╔══

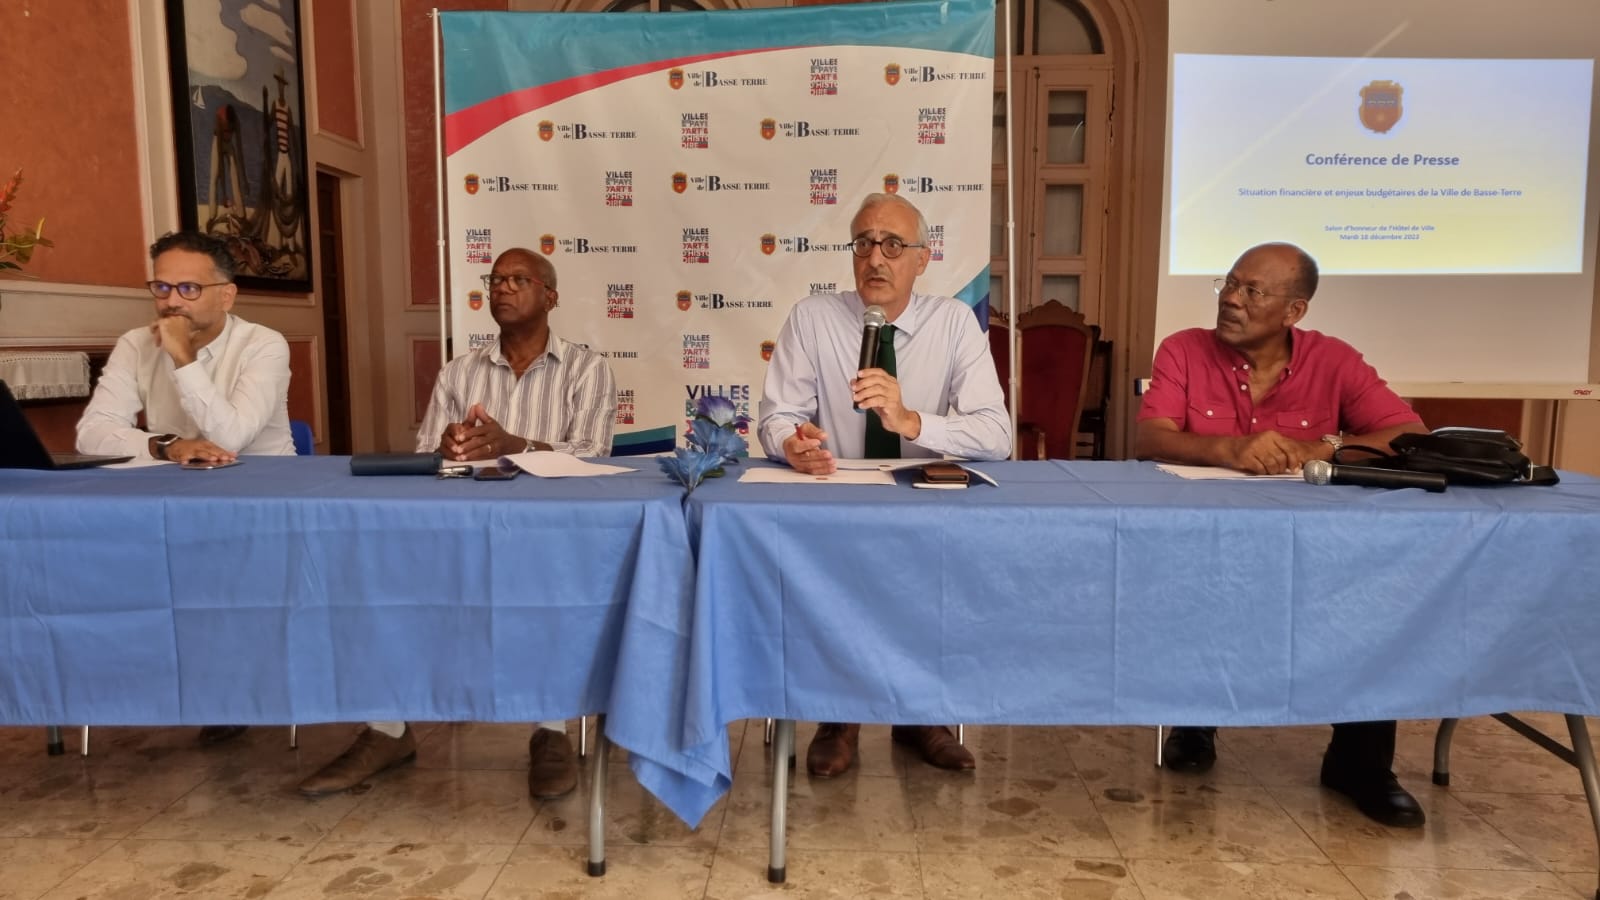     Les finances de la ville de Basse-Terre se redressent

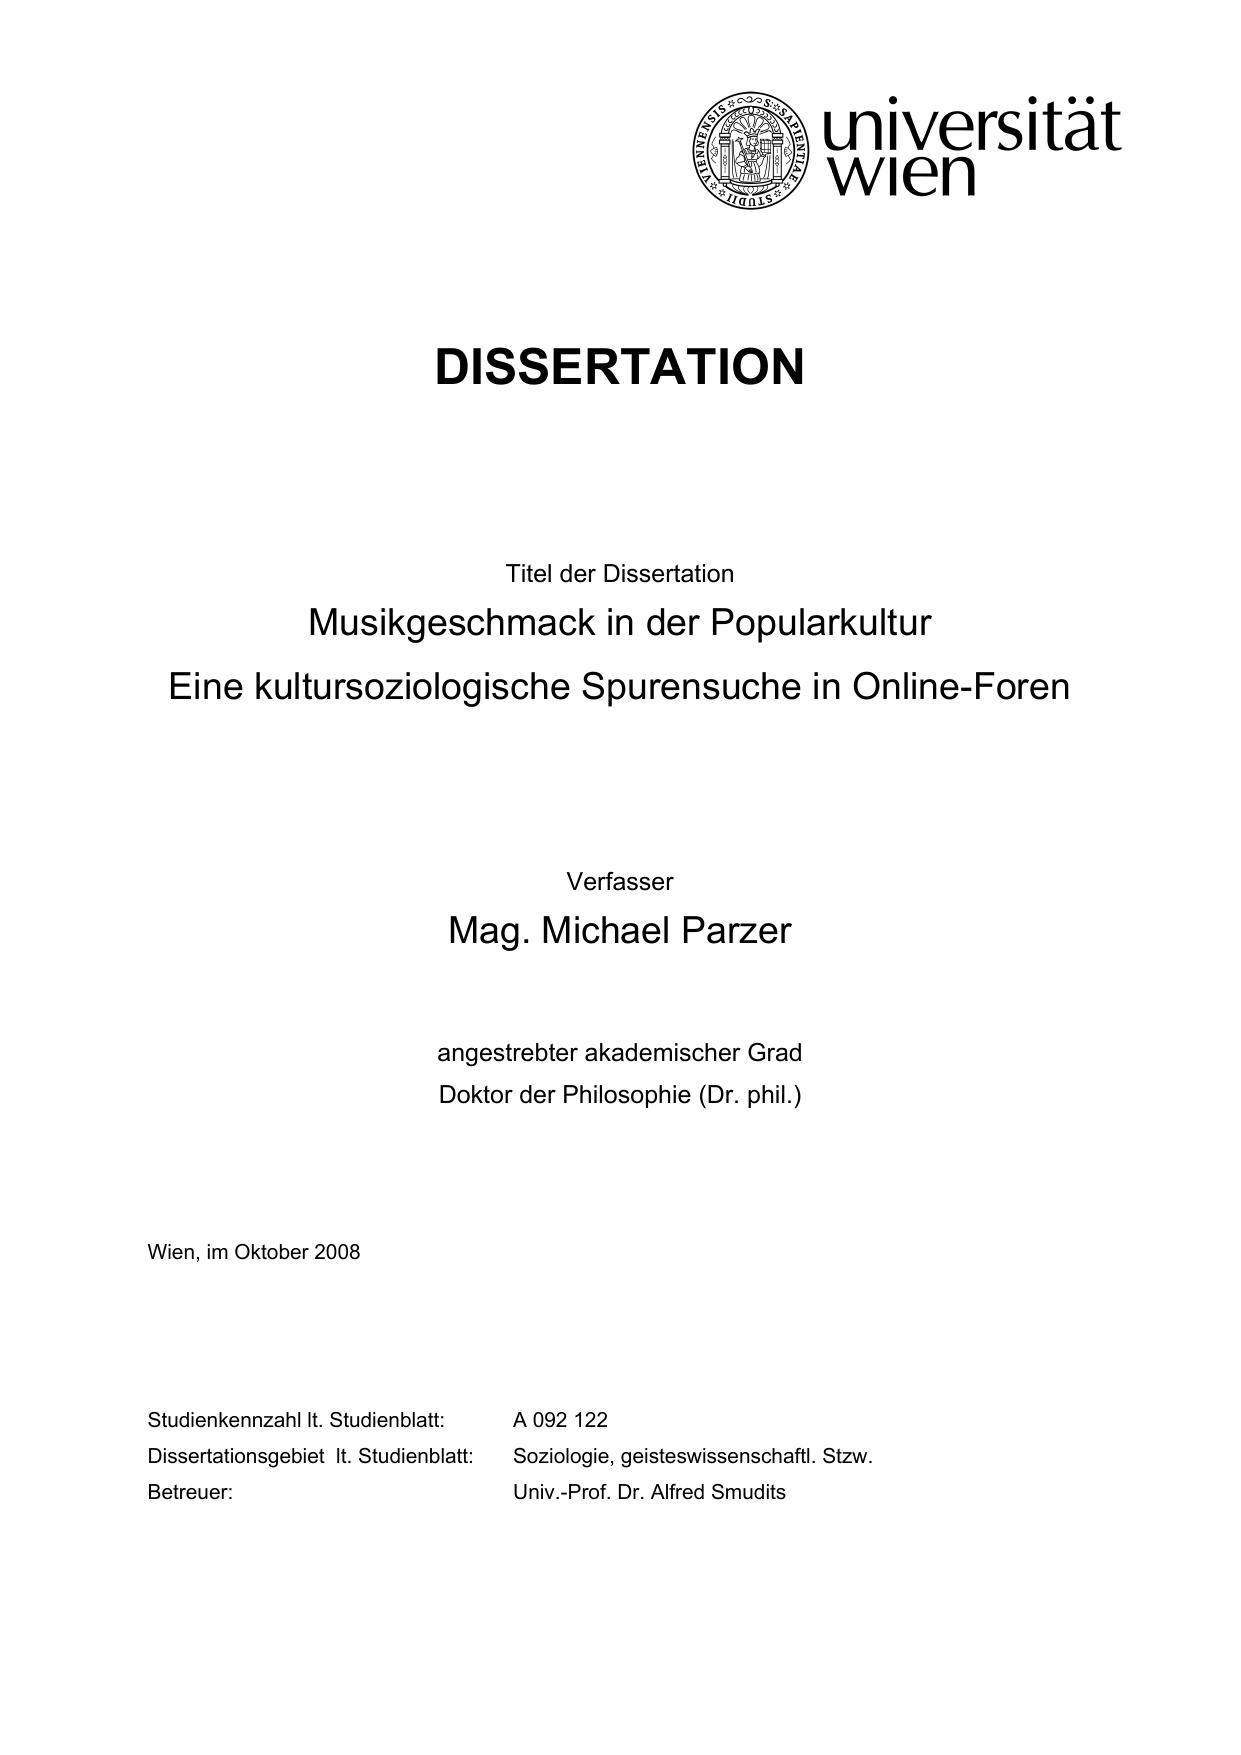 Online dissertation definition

╚══
╔══

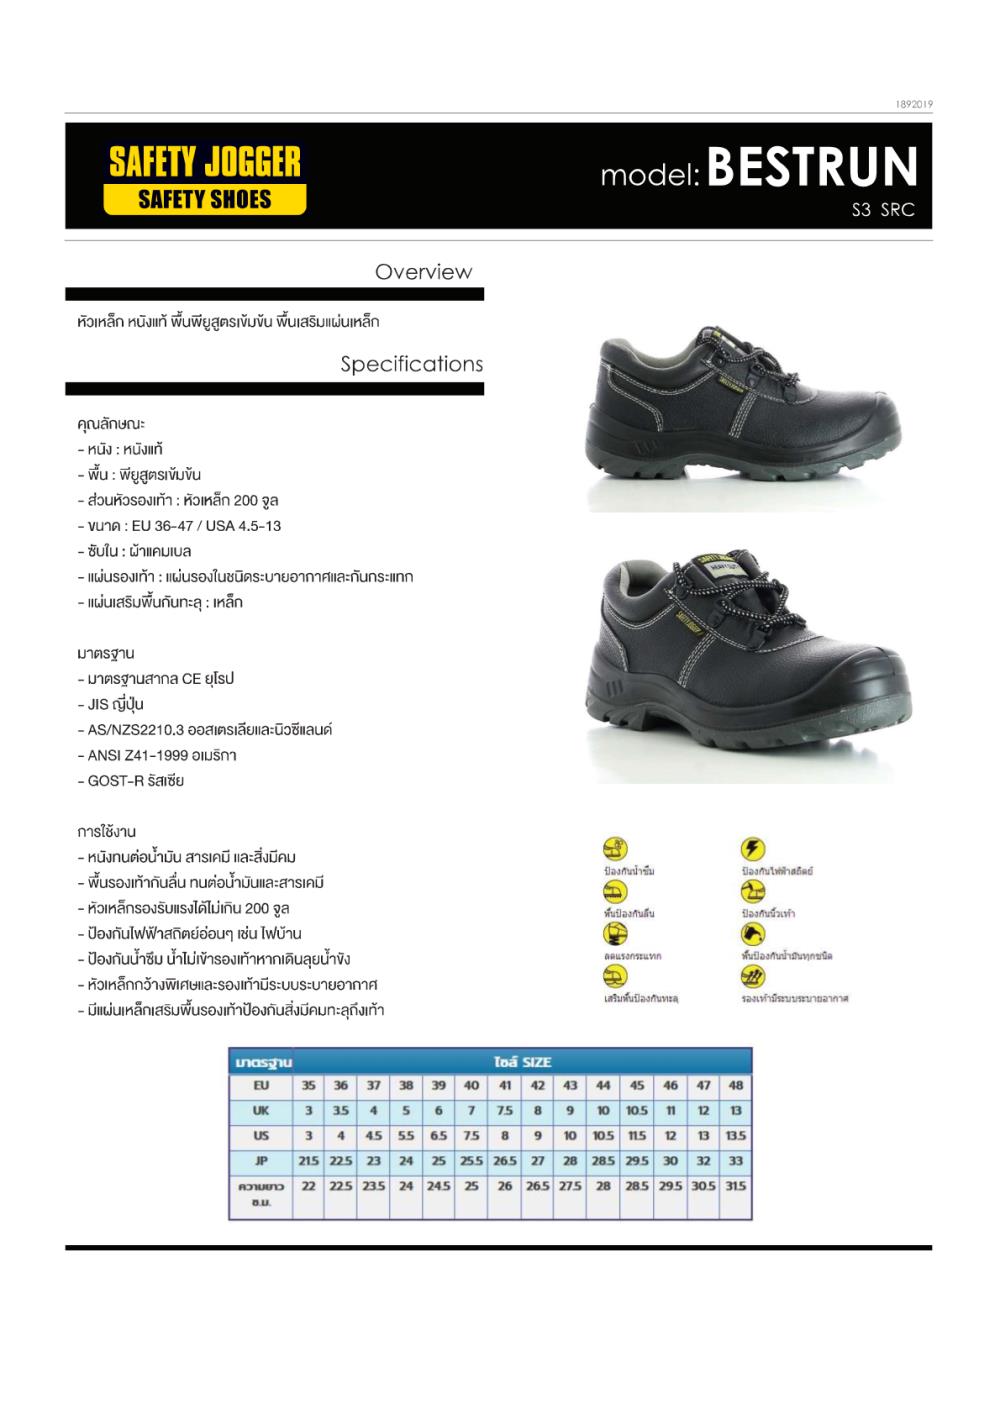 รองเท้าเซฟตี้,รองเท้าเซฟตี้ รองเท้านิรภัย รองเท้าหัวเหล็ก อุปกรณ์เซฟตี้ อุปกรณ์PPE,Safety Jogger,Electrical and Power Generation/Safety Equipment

╚══

▸ What the exercise asks: Would you give again, exactly, the lines in the data above that run from the line containing "Les finances de" to the line containing "Online dissertation definition"? Include both ends and no pictures.

▸ Answer space:
     Les finances de la ville de Basse-Terre se redressent

 Online dissertation definition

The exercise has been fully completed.